◆ Instructions for the task:
Write out all the entries word for word and omit any pictures.

-- Entries provided follows --

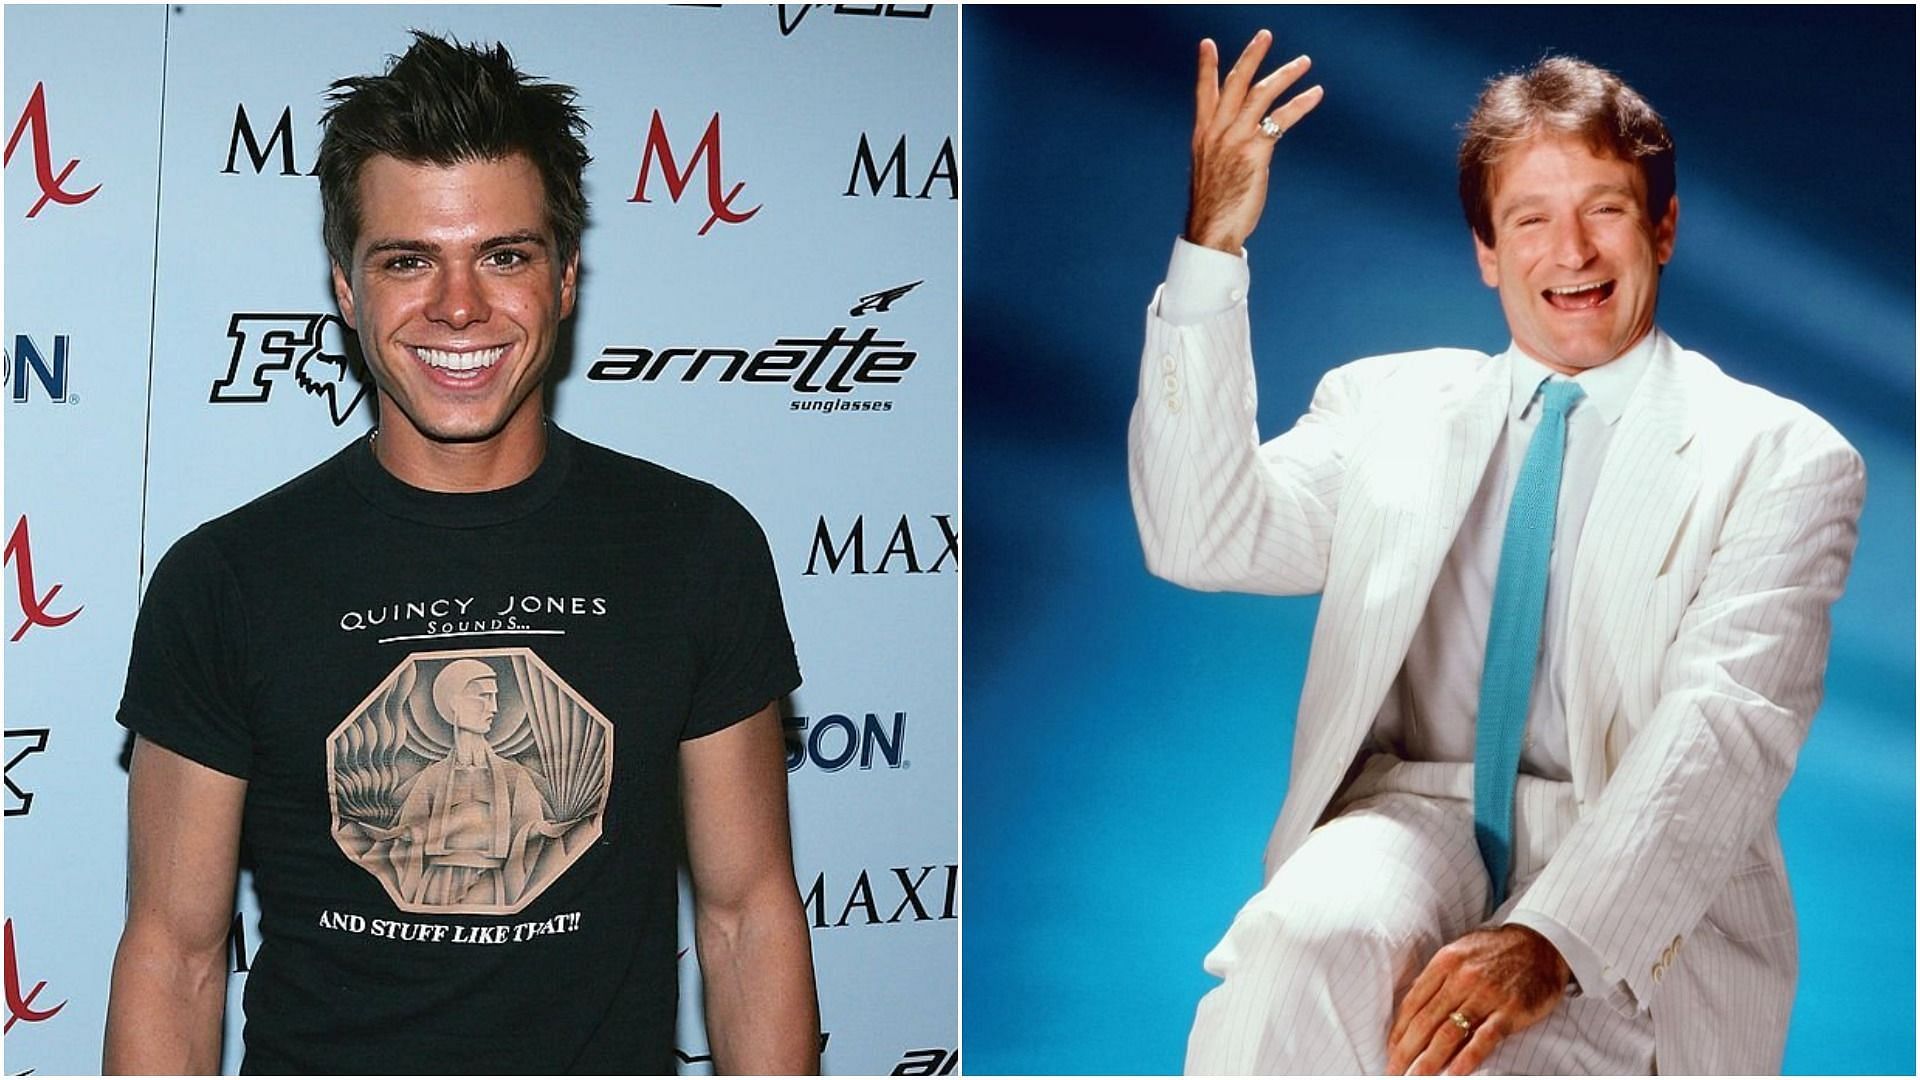 Matthew Lawrence stayed away from drugs after being advised by Robin Williams (Images via Mark Mainz and Harry Langdon/Getty Images)
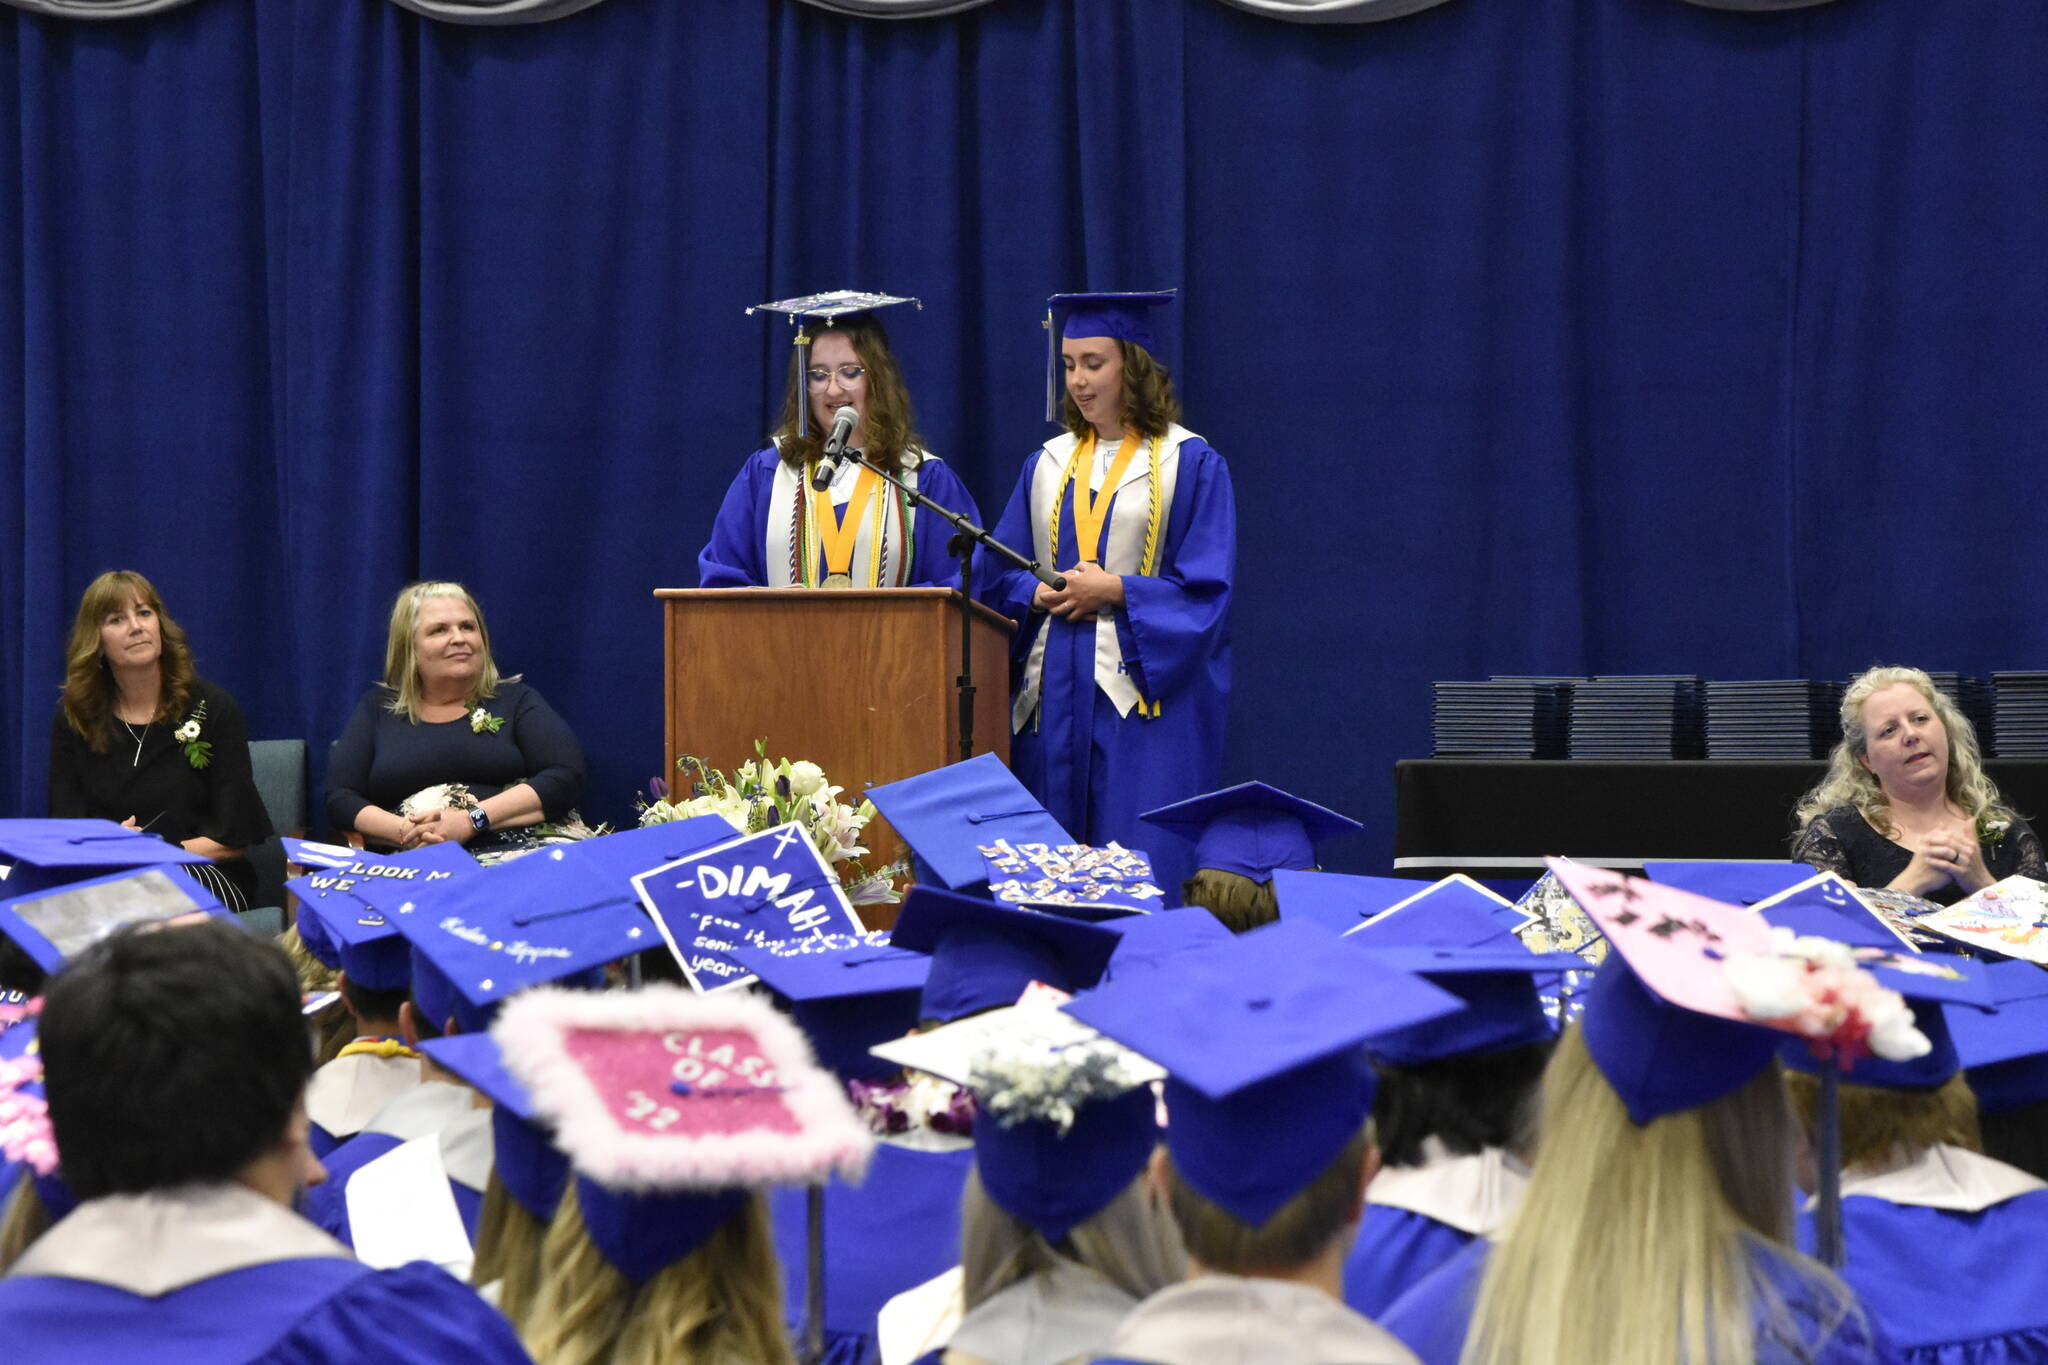 Thunder Mountain High School valedictorians Devin Moorehead, left, and Grace Sikes, deliver remarks to the class of 2022 graduation ceremony on Sunday, May 29, 2022. (Peter Segall / Juneau Empire)
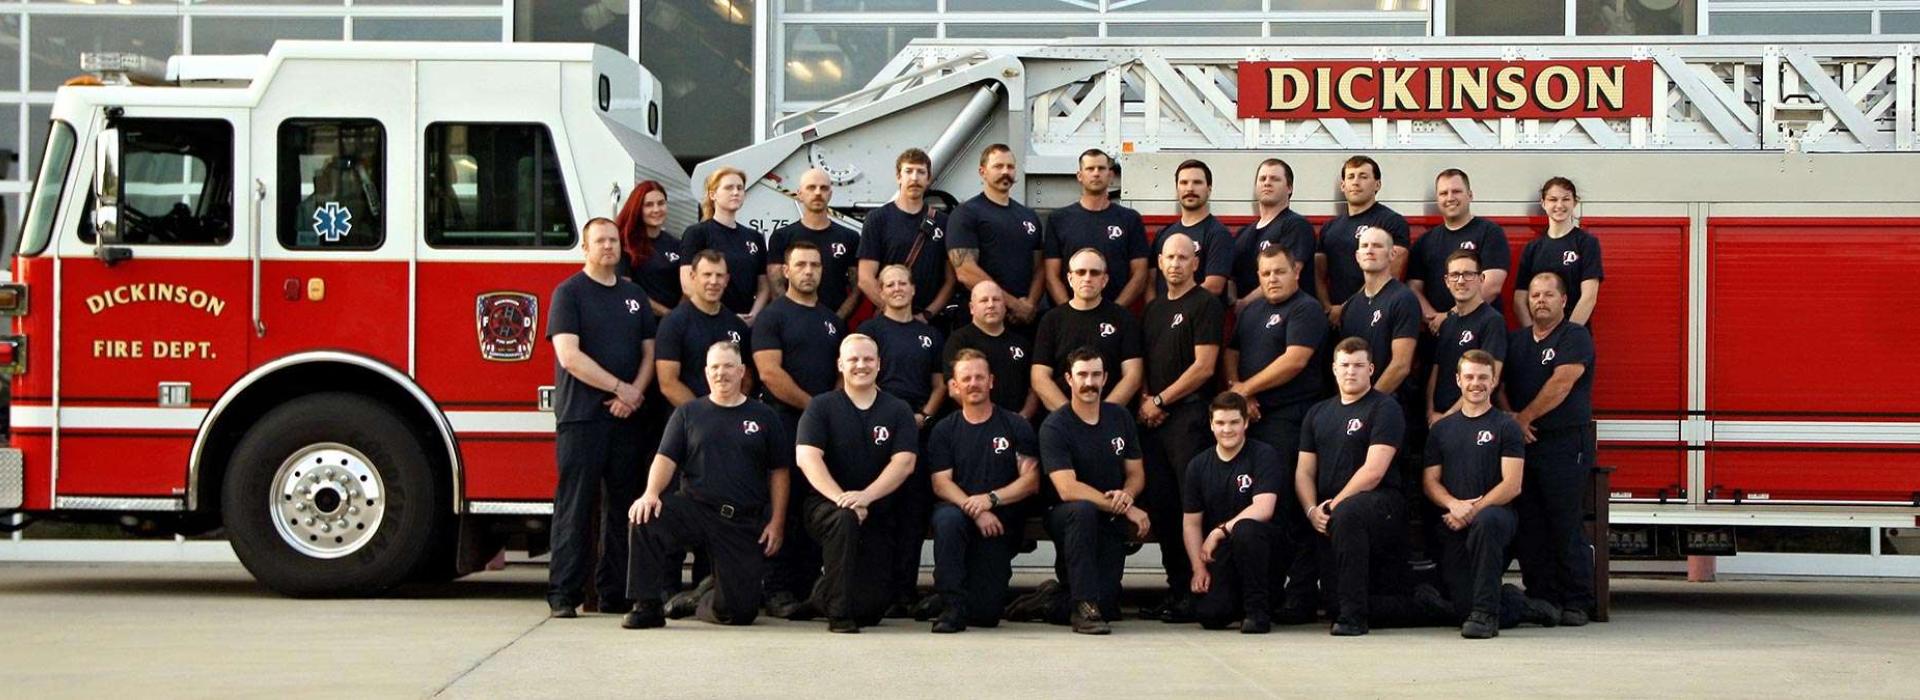 Fire department staff in front of fire truck
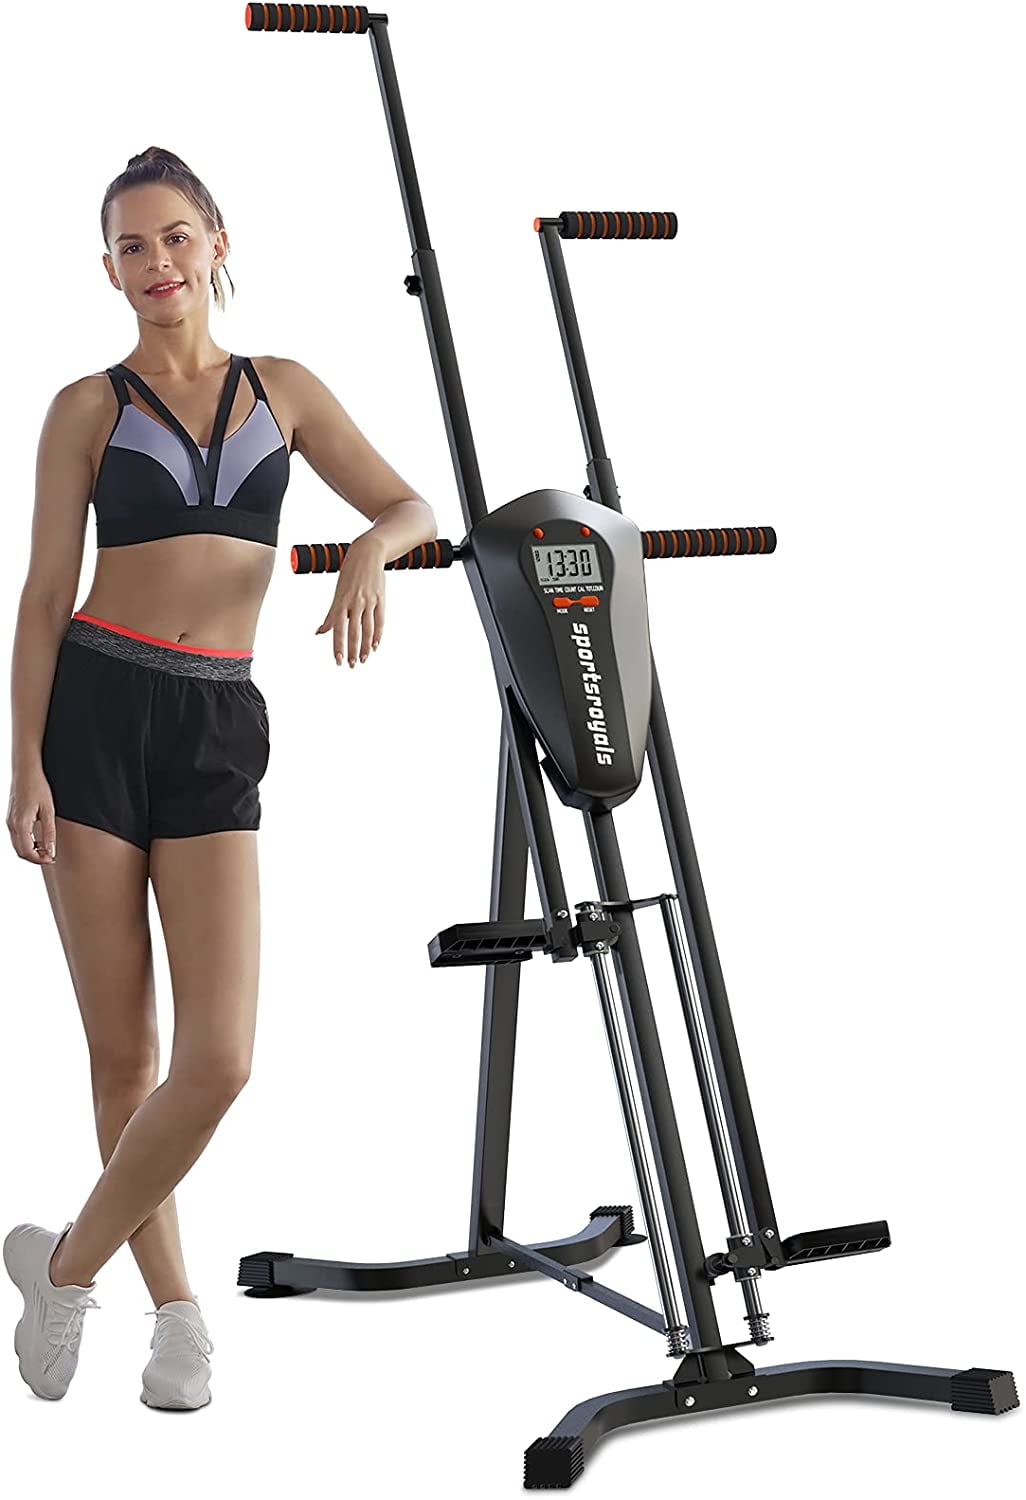 Total Gym S500 Attachable Cyclo Trainer with Digital Monitor for Home Workout Machines Black/Blue for sale online 
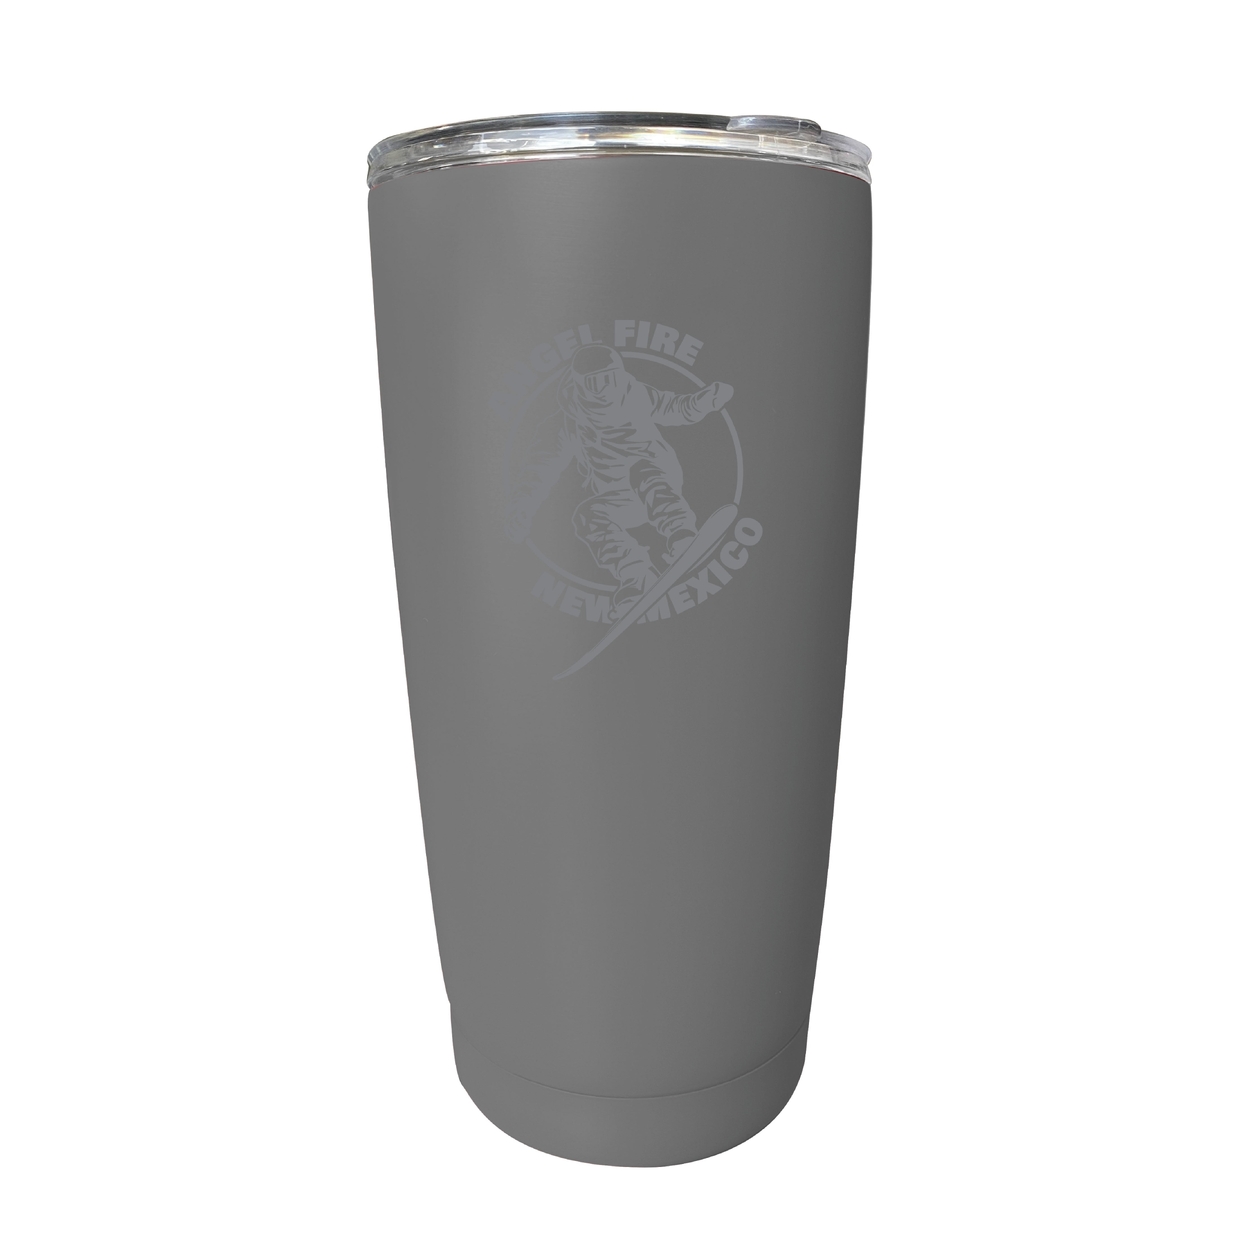 Angel Fire New Mexico Souvenir 16 Oz Engraved Stainless Steel Insulated Tumbler - Gray,,Single Unit

-- Entries provided concluded --

◆ Answer section:
 Matthew Lawrence stayed away from drugs after being advised by Robin Williams (Images via Mark Mainz and Harry Langdon/Getty Images)
 Thunder Mountain High School valedictorians Devin Moorehead, left, and Grace Sikes, deliver remarks to the class of 2022 graduation ceremony on Sunday, May 29, 2022. (Peter Segall / Juneau Empire)
 Fire department staff in front of fire truck
 Total Gym S500 Attachable Cyclo Trainer with Digital Monitor for Home Workout Machines Black/Blue for sale online 
 Angel Fire New Mexico Souvenir 16 Oz Engraved Stainless Steel Insulated Tumbler - Gray,,Single Unit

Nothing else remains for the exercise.